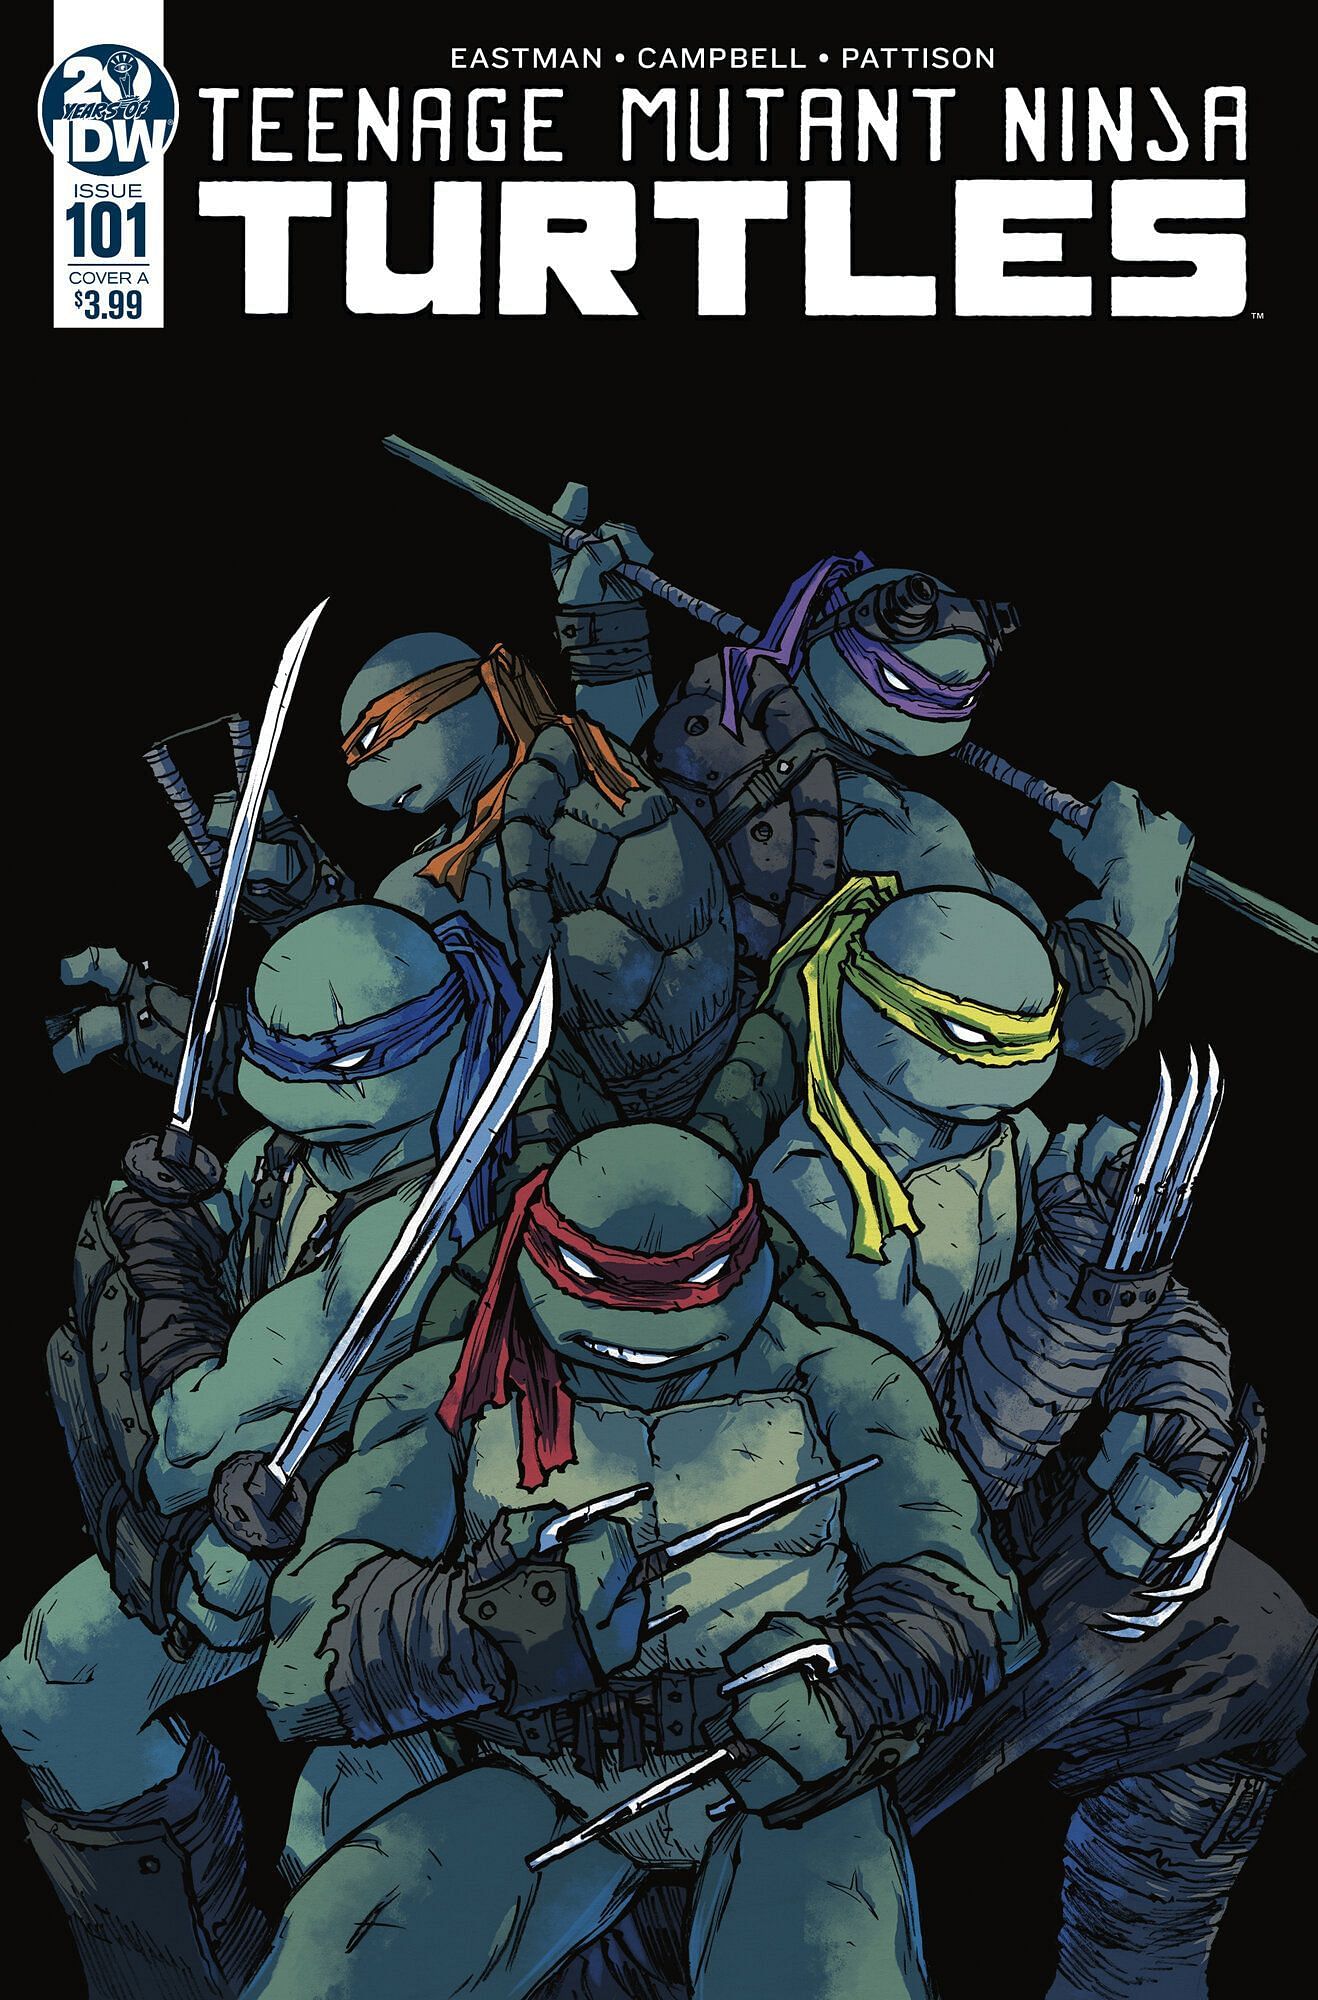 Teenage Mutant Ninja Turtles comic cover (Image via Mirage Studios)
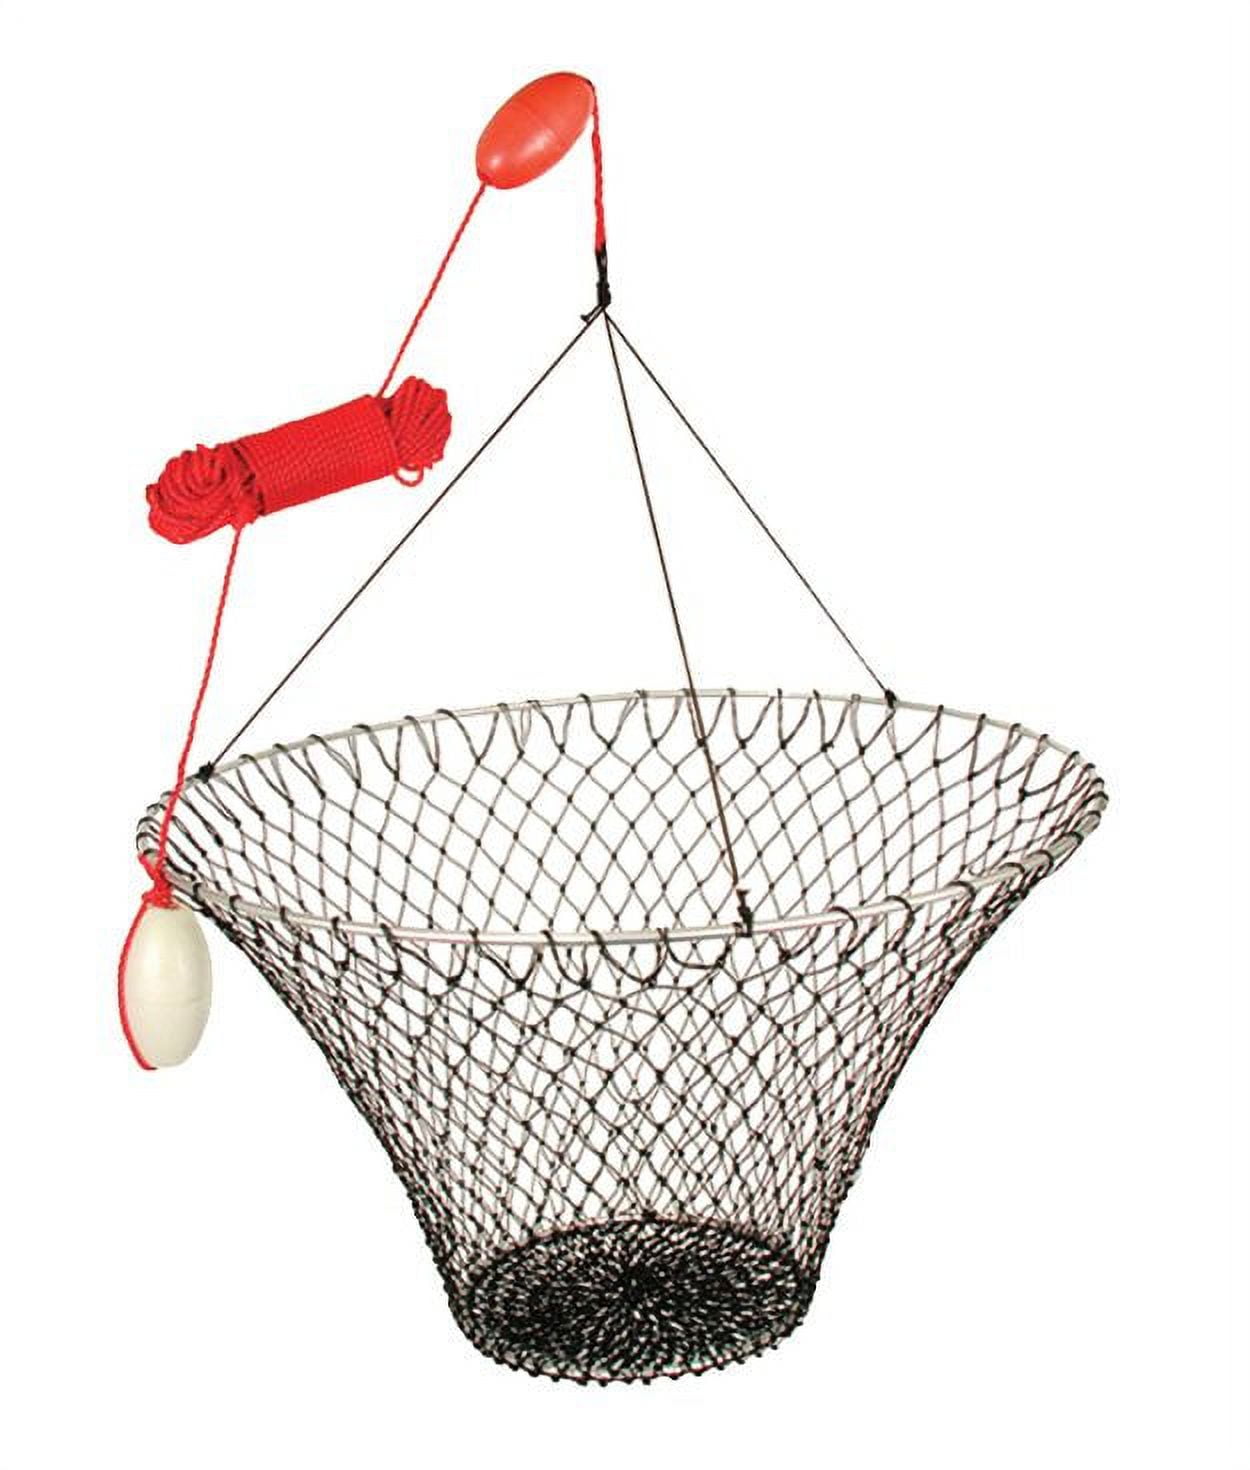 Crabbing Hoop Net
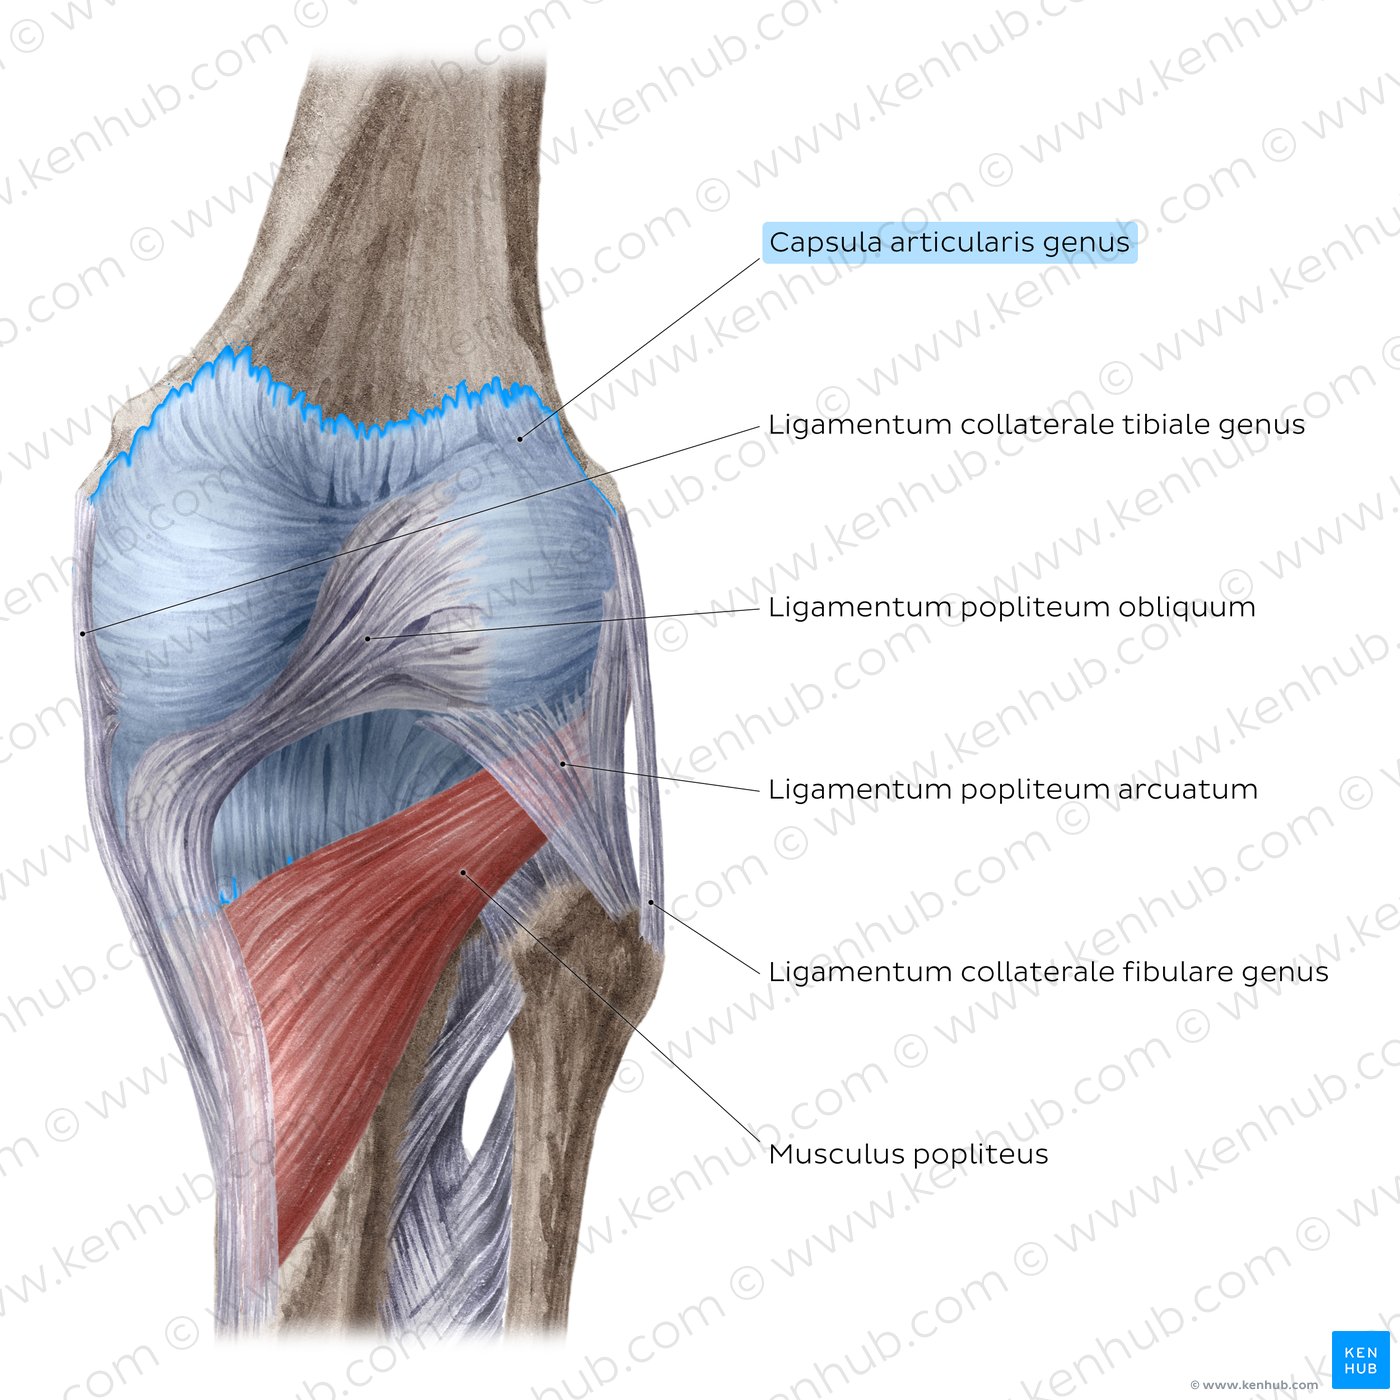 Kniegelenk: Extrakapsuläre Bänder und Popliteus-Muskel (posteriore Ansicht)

- **Task requirements**: Copy out all of the data word for word. Do not carry over any picture.

- **Answer below**:
 Teenage Mutant Ninja Turtles comic cover (Image via Mirage Studios)
 Crabbing Hoop Net
 Kniegelenk: Extrakapsuläre Bänder und Popliteus-Muskel (posteriore Ansicht)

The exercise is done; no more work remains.